#### Task description:
With the pictures left out, transcribe exactly the lines from the one with "ec8737d9 Zen Goldblum" through the end of the data.

#### Dataset extract:
● ● ●

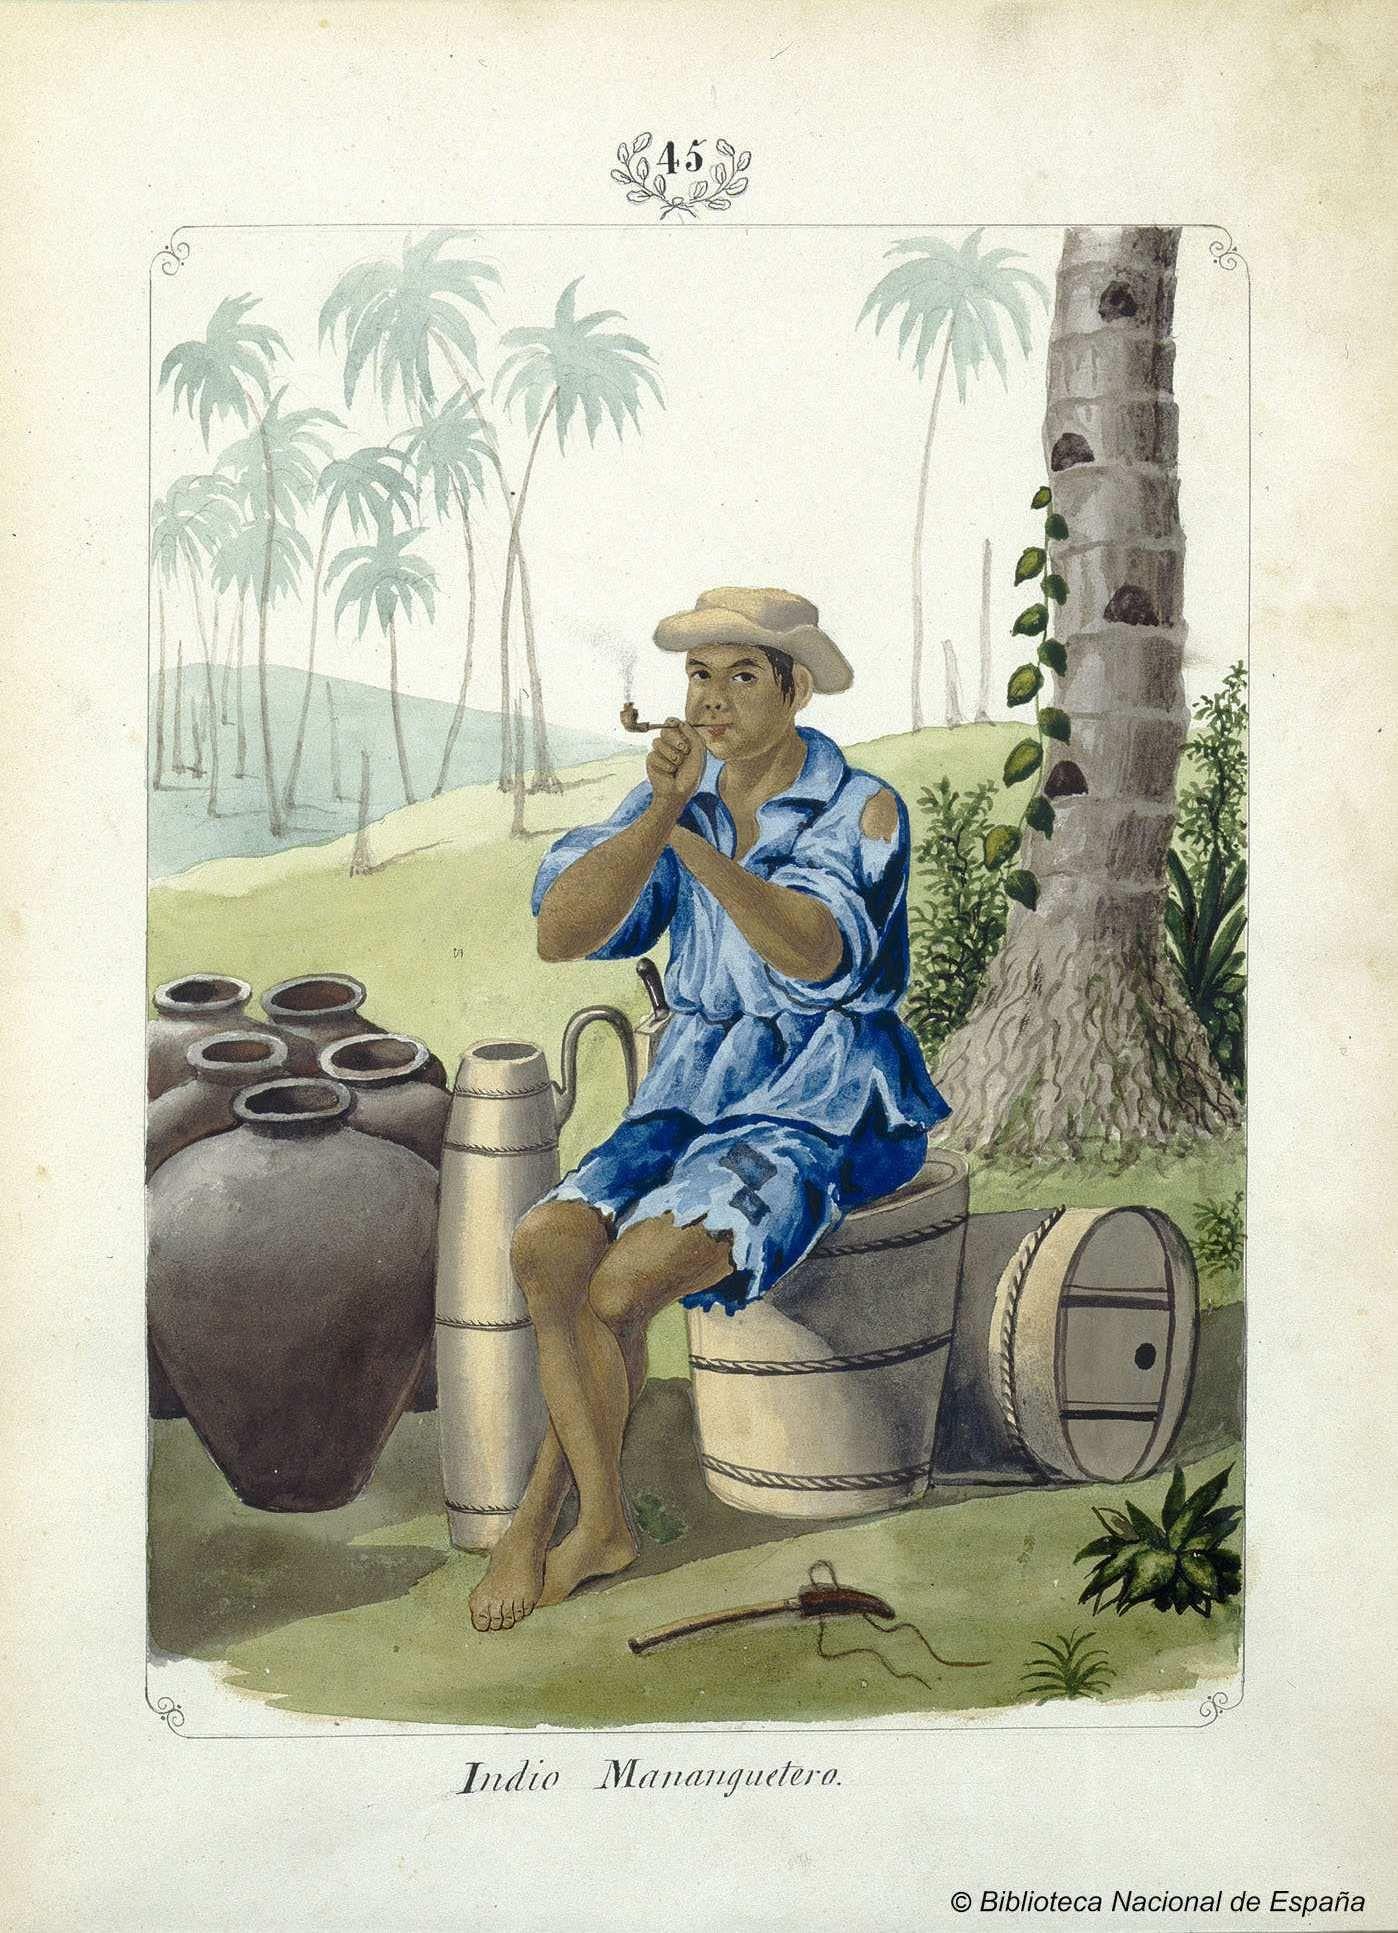 Indio Mananguetero. Lozano, José Honorato 1821- — Dibujo — 1847
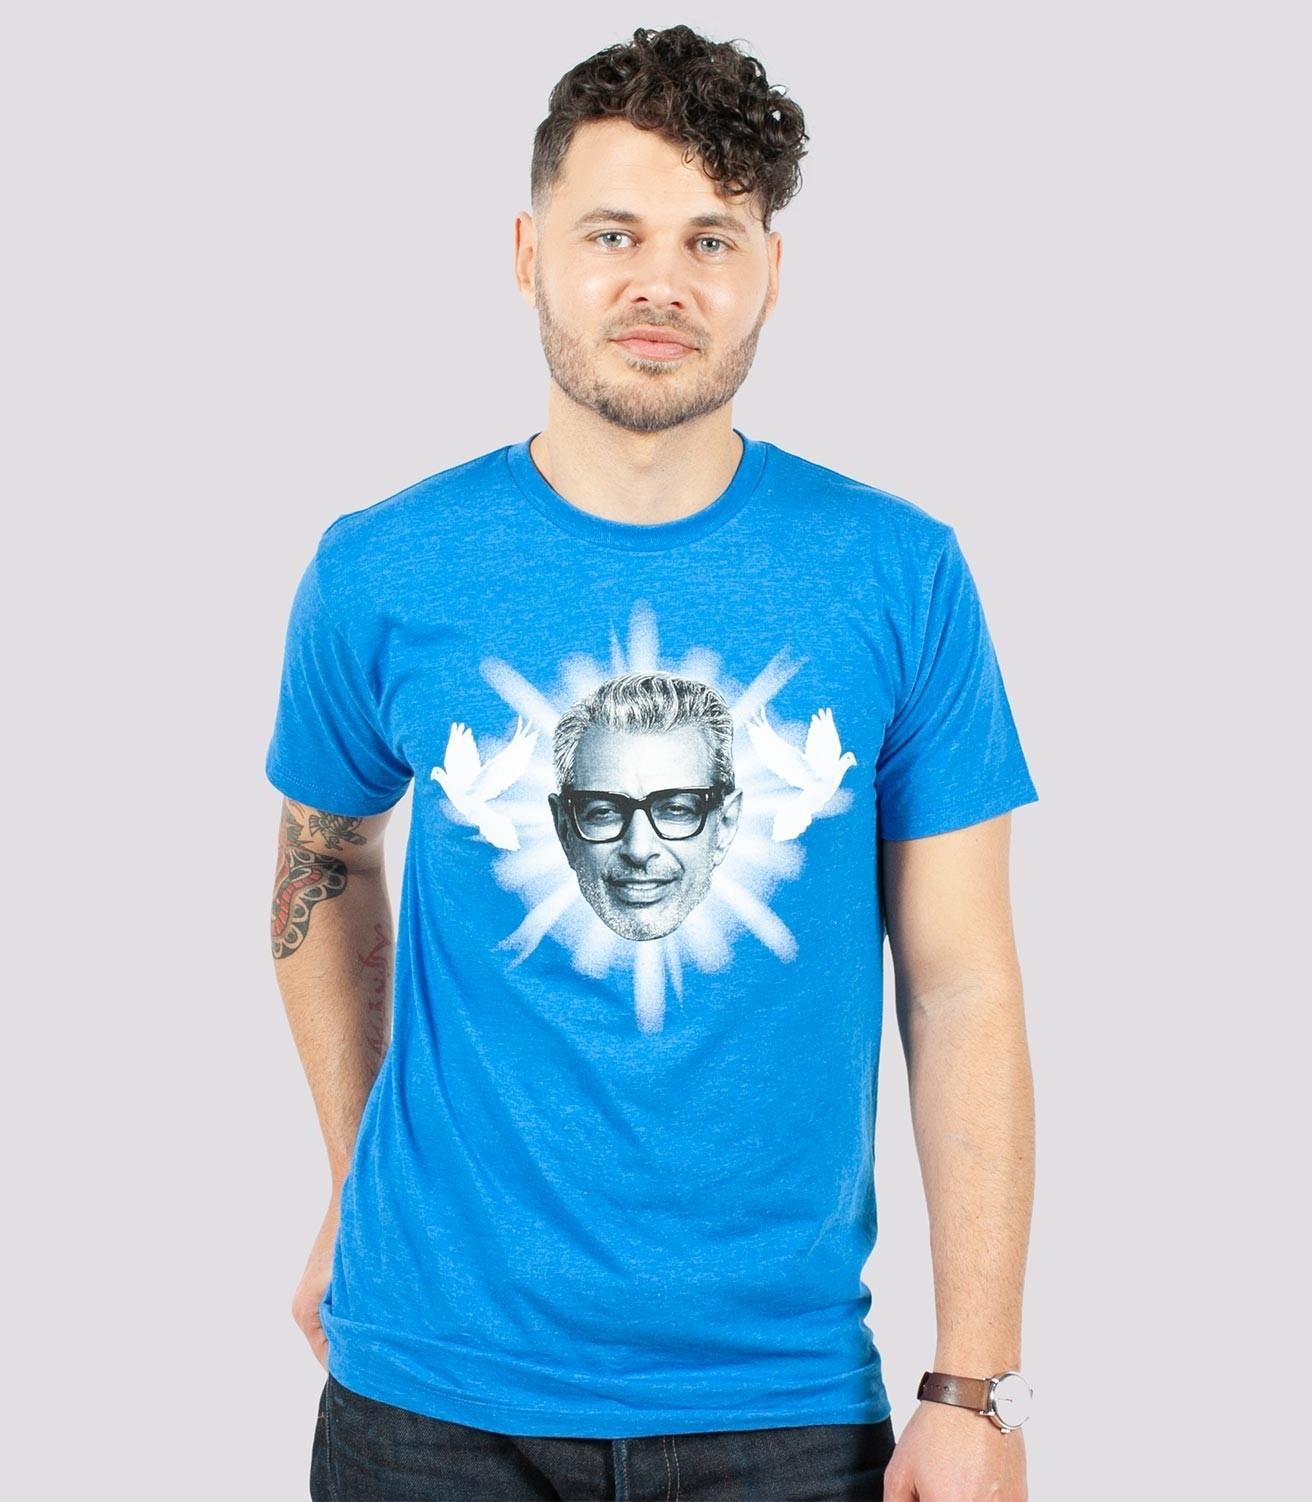 ec8737d9 Zen Goldblum Funny Men's Cotton/Poly T-Shirt   Headline Shirts
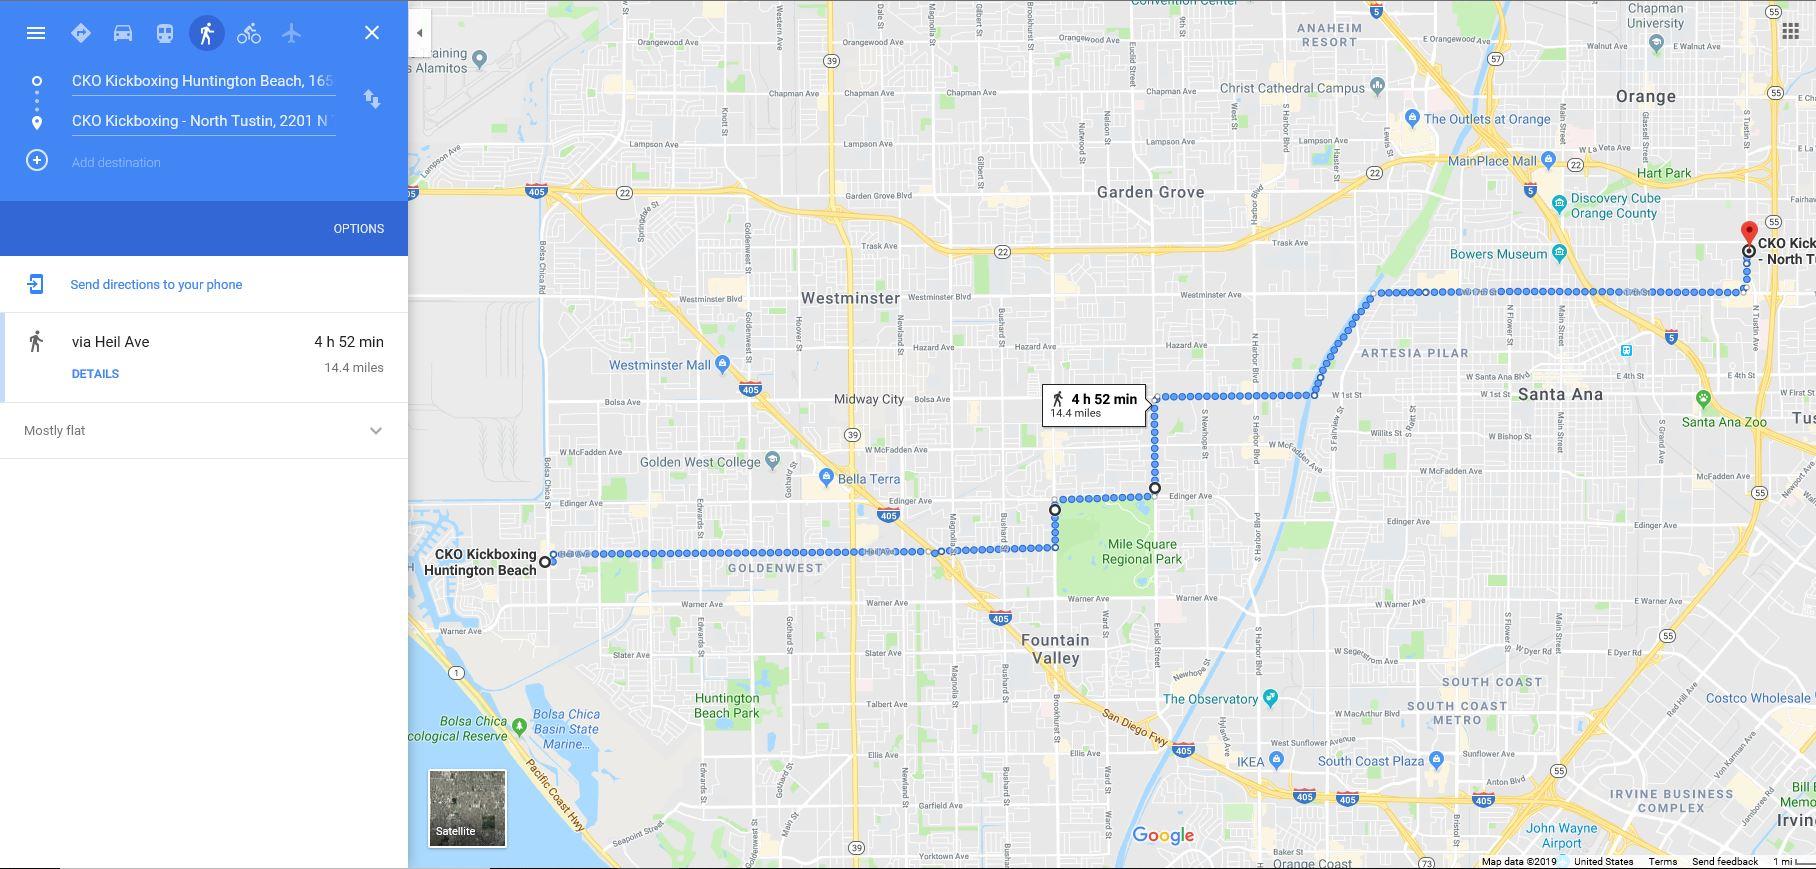 14.5 Mile Run - checkpoints7am CKO Huntington Beach -run930am CKO North Tustin (interview)

● ● ●

#### Finished task:
 ec8737d9 Zen Goldblum Funny Men's Cotton/Poly T-Shirt   Headline Shirts
 14.5 Mile Run - checkpoints7am CKO Huntington Beach -run930am CKO North Tustin (interview)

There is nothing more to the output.